Сверкер переводит дух.
— Разве я недостаточно наказан?
От возмущения Мэри качнулась на стуле, но совладала с собой. Нельзя упрекать человека в том, чего он не понимает.
— Так ты, стало быть, наказан?
Его голос опять делается пронзительным и жалобным.
— Еще бы!
— А раз ты наказан, значит, я должна тебя простить? Все квиты и в расчете?
Он не отвечает, лишь морщится. Мэри не удерживается:
— Так твой сломанный хребет означает не то, что тебя выкинули из окна. Это, оказывается, наказание. Так кто же наказывает тебя? Бог? Ты никогда не верил в Бога.
— Нет, но…
— Григирийский сутенер? А за что он тебя наказал? Ты что, хотел смыться, не заплатив?
Сверкер всхлипывает.
— Не знаю, не помню…
— Ведь это же не сама эта девочка сделала?
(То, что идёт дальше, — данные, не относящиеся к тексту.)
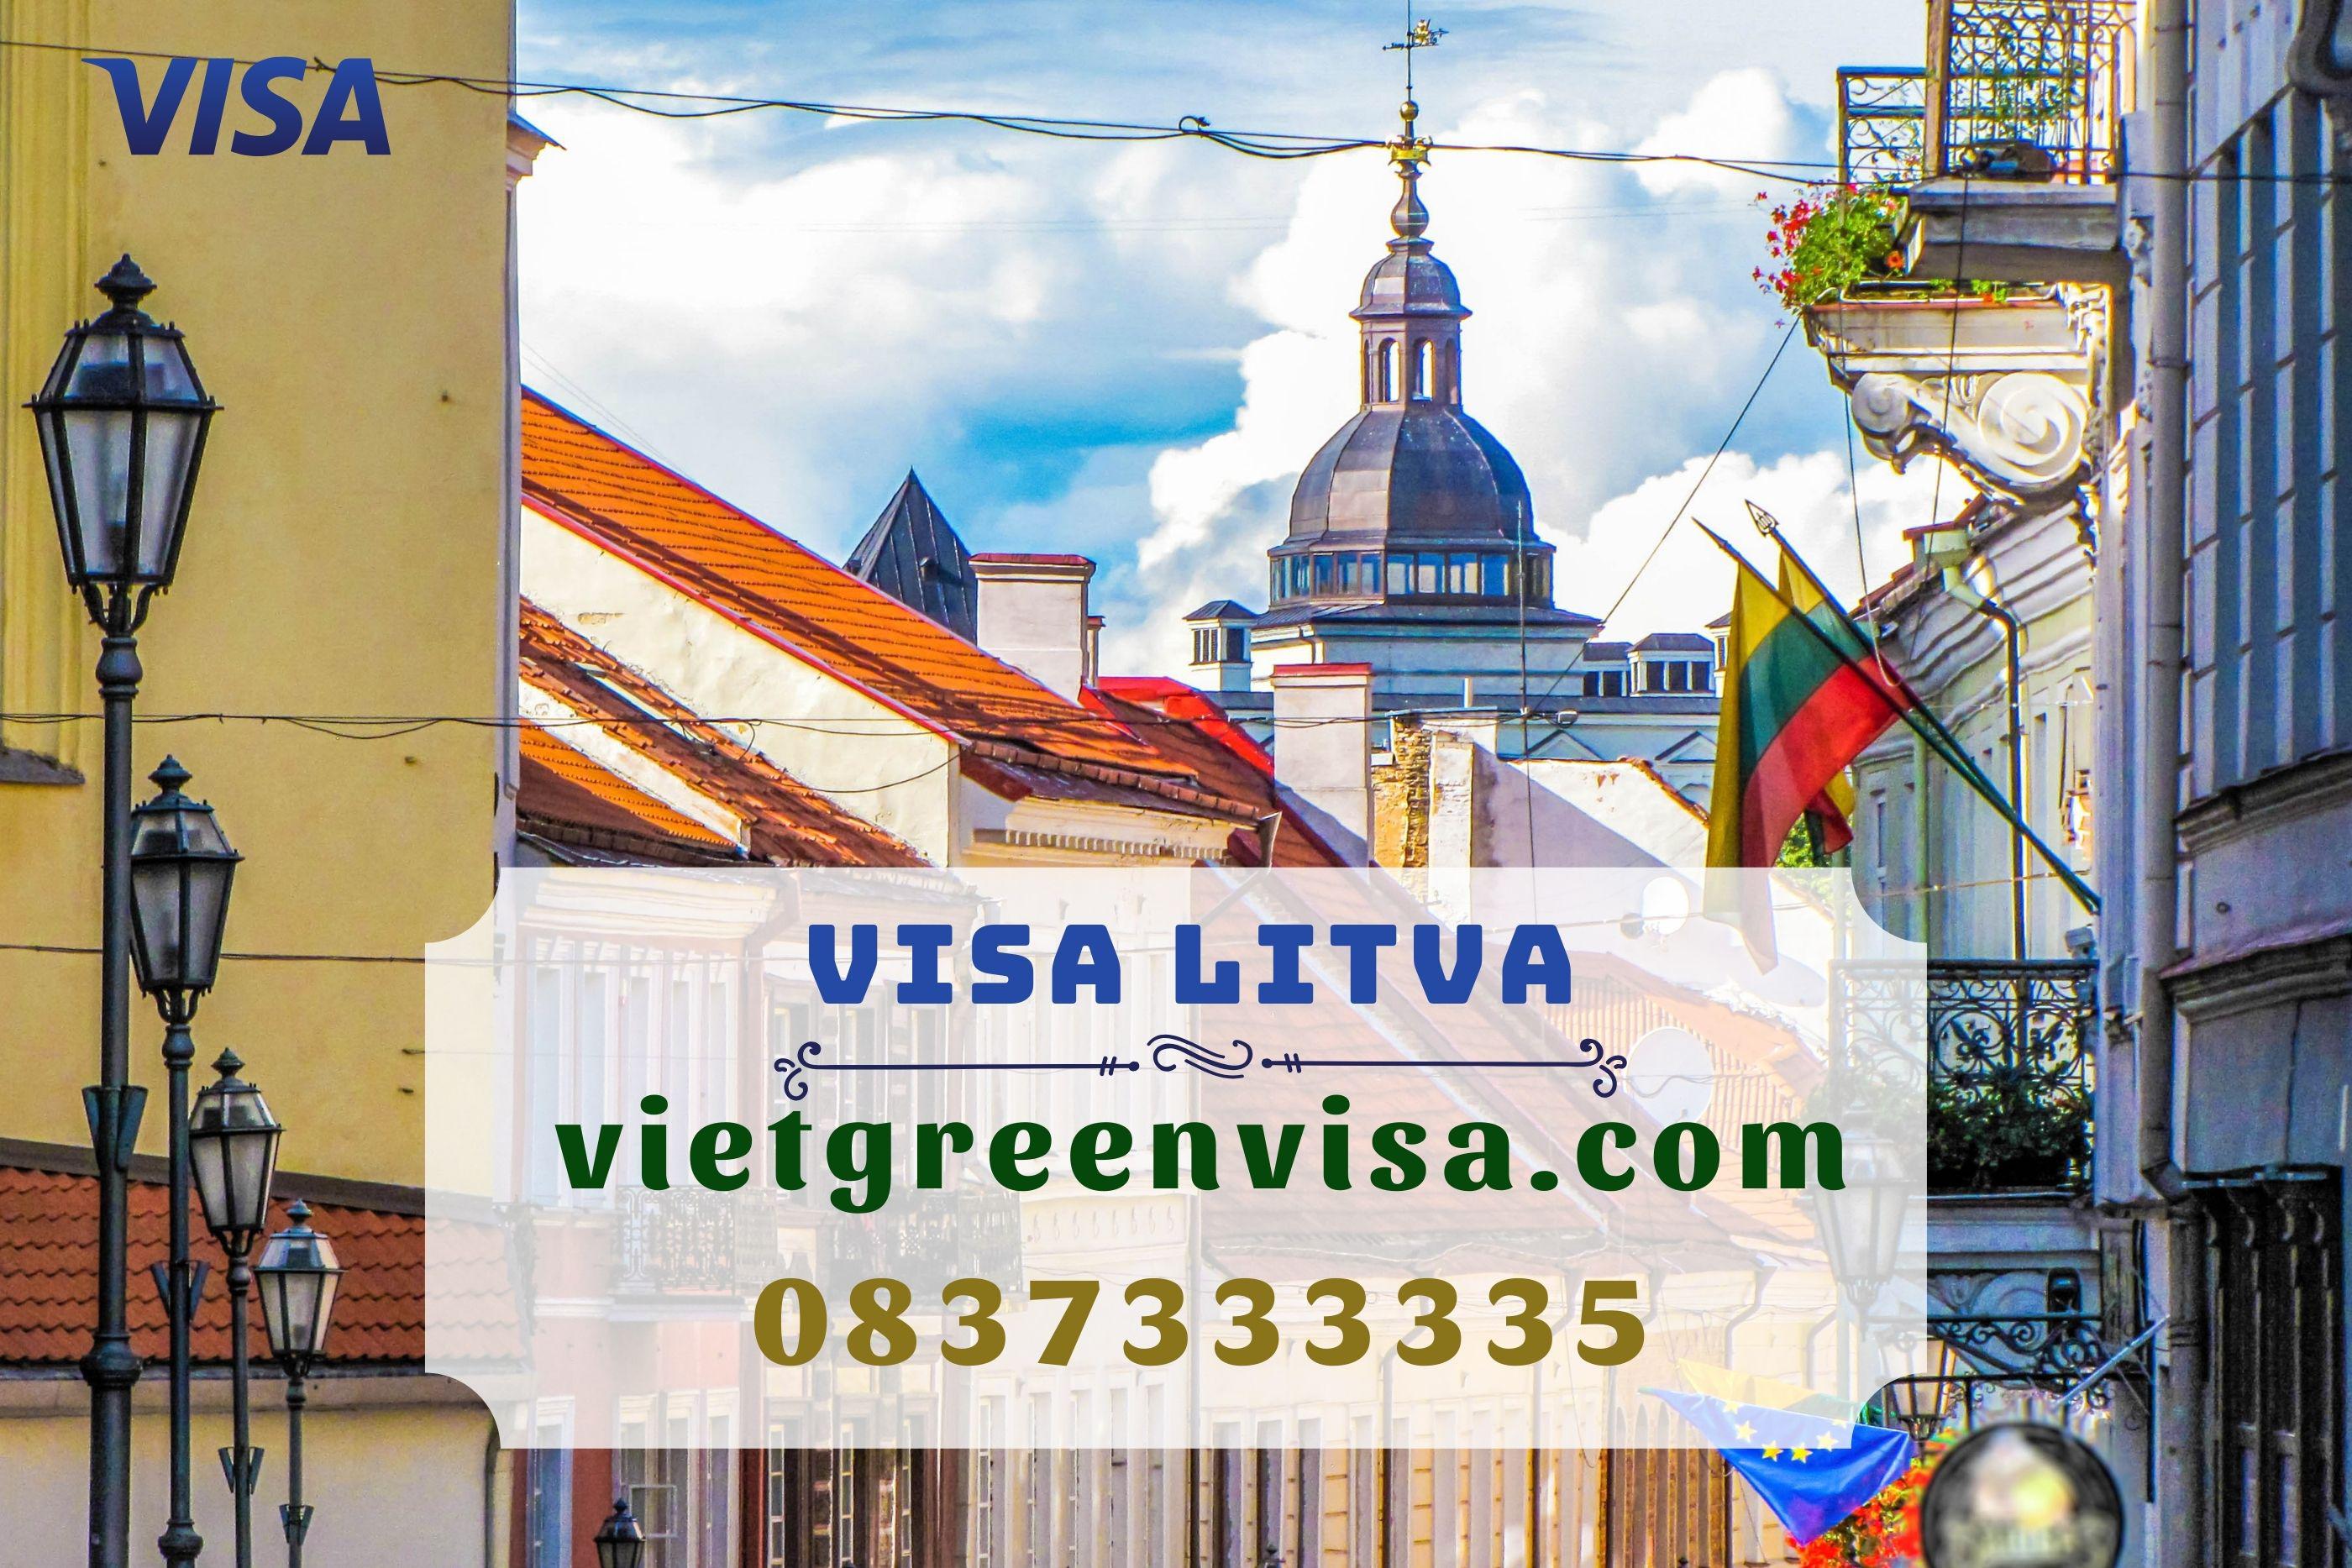 Bí kíp giúp bạn xin visa công tác Litva hiệu quả 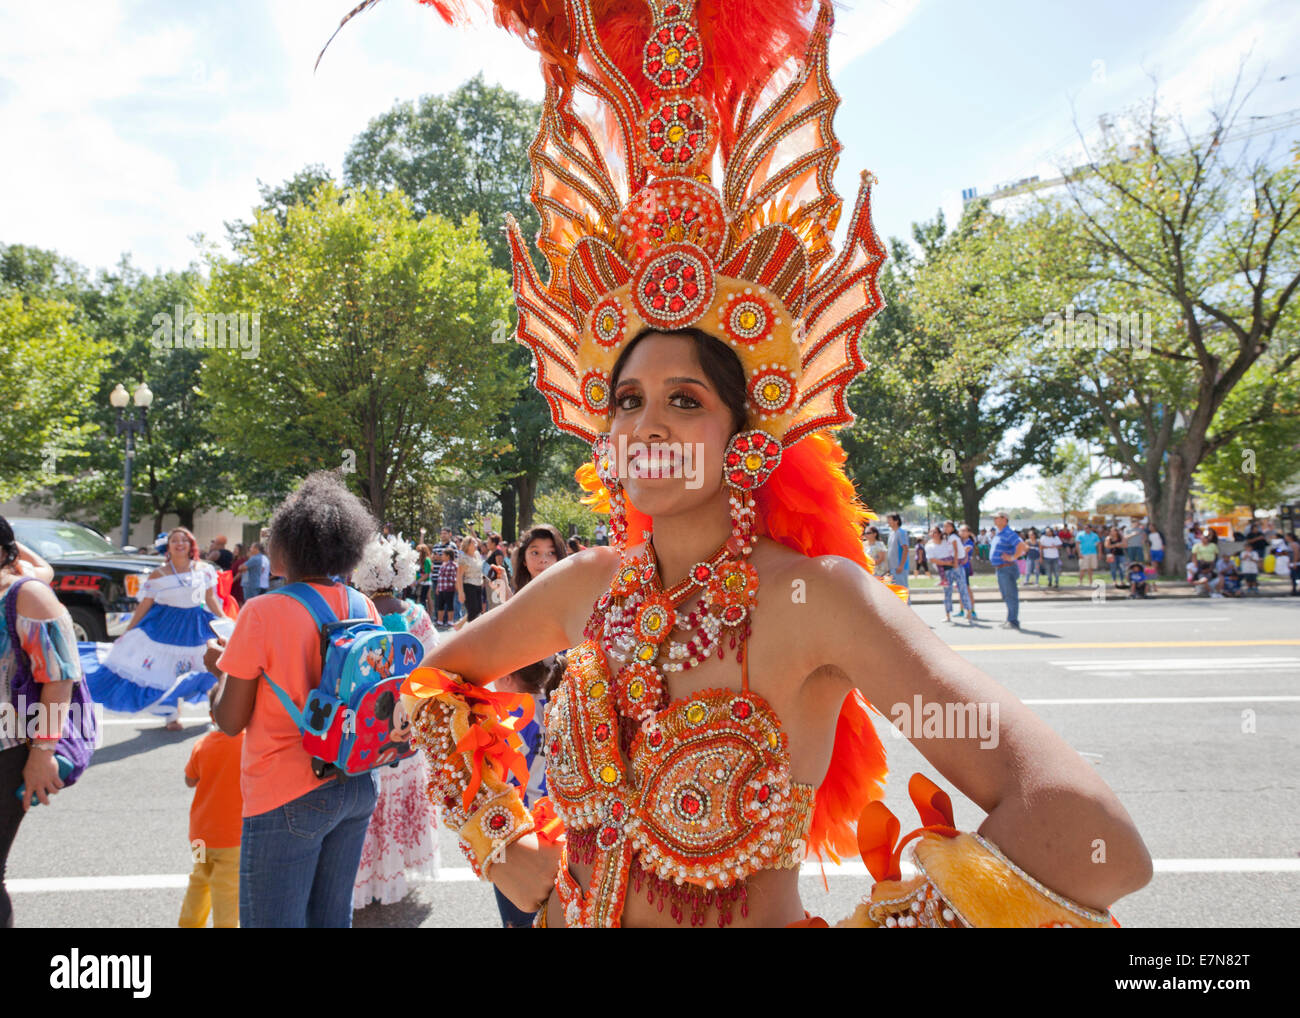 Hermosa mujer brasileña vestida con colorido disfraz de carnaval y bandera  de brasil durante el carnaval en la calle p

А?
Она слышит собственный голос, резкий и жесткий, как на правительственных дебатах, и умолкает. Она всегда заходила в дебатах слишком далеко. Уничтожать соперника! Нет, она не хочет уничтожить Сверкера. Вернее, хочет, но не позволит себе.
Теперь его голос звучит невнятно.
— Не знаю, что произошло. Я не помню.
— Но ты помнишь, что пошел за ней?
Он, поколебавшись, кивает. Мэри выдыхает с облегчением.
— Я только это хотела знать.
И снова оба умолкли. Дождь шелестит по оконному стеклу.
— Я пыталась понять, — вновь заговаривает Мэри. — Но так и не поняла.
Она на него не смотрит. Голос у Сверкера усталый. Обреченный.
— Тут нечего понимать.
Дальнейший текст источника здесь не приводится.